How to Tell Someone They Can't Serve in Your Children's Ministry

This past weekend I sat down with someone who wanted to serve in our children's ministry.

I knew going into the conversation that he would not be able to serve at this time.  His heart was in the right place...but his background check wasn't.

This is an example of something you will face if you have an on-boarding process for volunteers.  If you don't have a process in place, please, please, please do so for the safety of the kids in your ministry.  You can see our process at this link.

So when the background check or another part of the process produces a red flag, how do you lead this difficult conversation?

Affirm the person as a part of your church family.
Start off by sharing with them how much you love them and that you are thankful they are part of your church family.  Share with them how much you appreciate them wanting to serve.

Explain that a red flag popped up while taking them through the process.  Share with them what it was.  (examples...a drug use conviction a year ago, reference call information, application answers, etc.)

Ask them to share about the "red flag."  
It's important to allow them to explain what happened.  This is not so they can talk you into letting them serve, but to hear their heart and journey so you can help them move forward.

Explain the "why" of the process. 
Share that it's nothing personal against them, but rather a system you have in place to ensure the safety and security of the children.  Share that you go the second mile to accomplish this hence you have very high standards in place.

Be a pastor.
More than likely they are going to feel either angry, hurt, sad, or guilty.  They may even question if you want them to be part of the church family.

This is such a key time in the conversation.  Again, affirm how much you love them.  Share with them how thankful you are that they are part of the church family. 

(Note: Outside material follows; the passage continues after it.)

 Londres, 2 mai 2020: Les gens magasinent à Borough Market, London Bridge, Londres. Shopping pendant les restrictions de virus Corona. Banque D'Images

Provide them with next steps.
Don't leave them hanging.  This is one of the most critical times of the conversation.  God is giving you the opportunity to help this person grow in their relationship with Him.

Give them next steps they can take to continue to grow spiritually.  Perhaps it's a class or program they can be part of.  Perhaps it's another ministry in the church they can serve in that doesn't require high serving standards.

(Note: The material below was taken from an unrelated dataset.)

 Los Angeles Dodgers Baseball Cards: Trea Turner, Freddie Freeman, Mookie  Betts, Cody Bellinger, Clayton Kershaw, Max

Follow up and help them get connected.

Let them know "no" now doesn't mean "no" indefinitely. 
Share with them that when the red flag is removed you'd like to have them as part of the team one day. (example - if you have a 2 year wait process for someone who had a drug conviction)

The exception to this would be someone who has abused a child.  That would be a permament red flag to serve in children's ministry for us.

Final thoughts...
As I walked through this process with the person this past weekend, there were tears in his eyes.  He went down a rough path with some addictions but is now headed in the right direction.  I was able to connect him with the recovery ministry in our church where he can be surrounded by people who will help him grow and provide him with a place to serve.

And one day...a few years down the road...I look forward to seeing him spiritually healthy and serving in our children's ministry.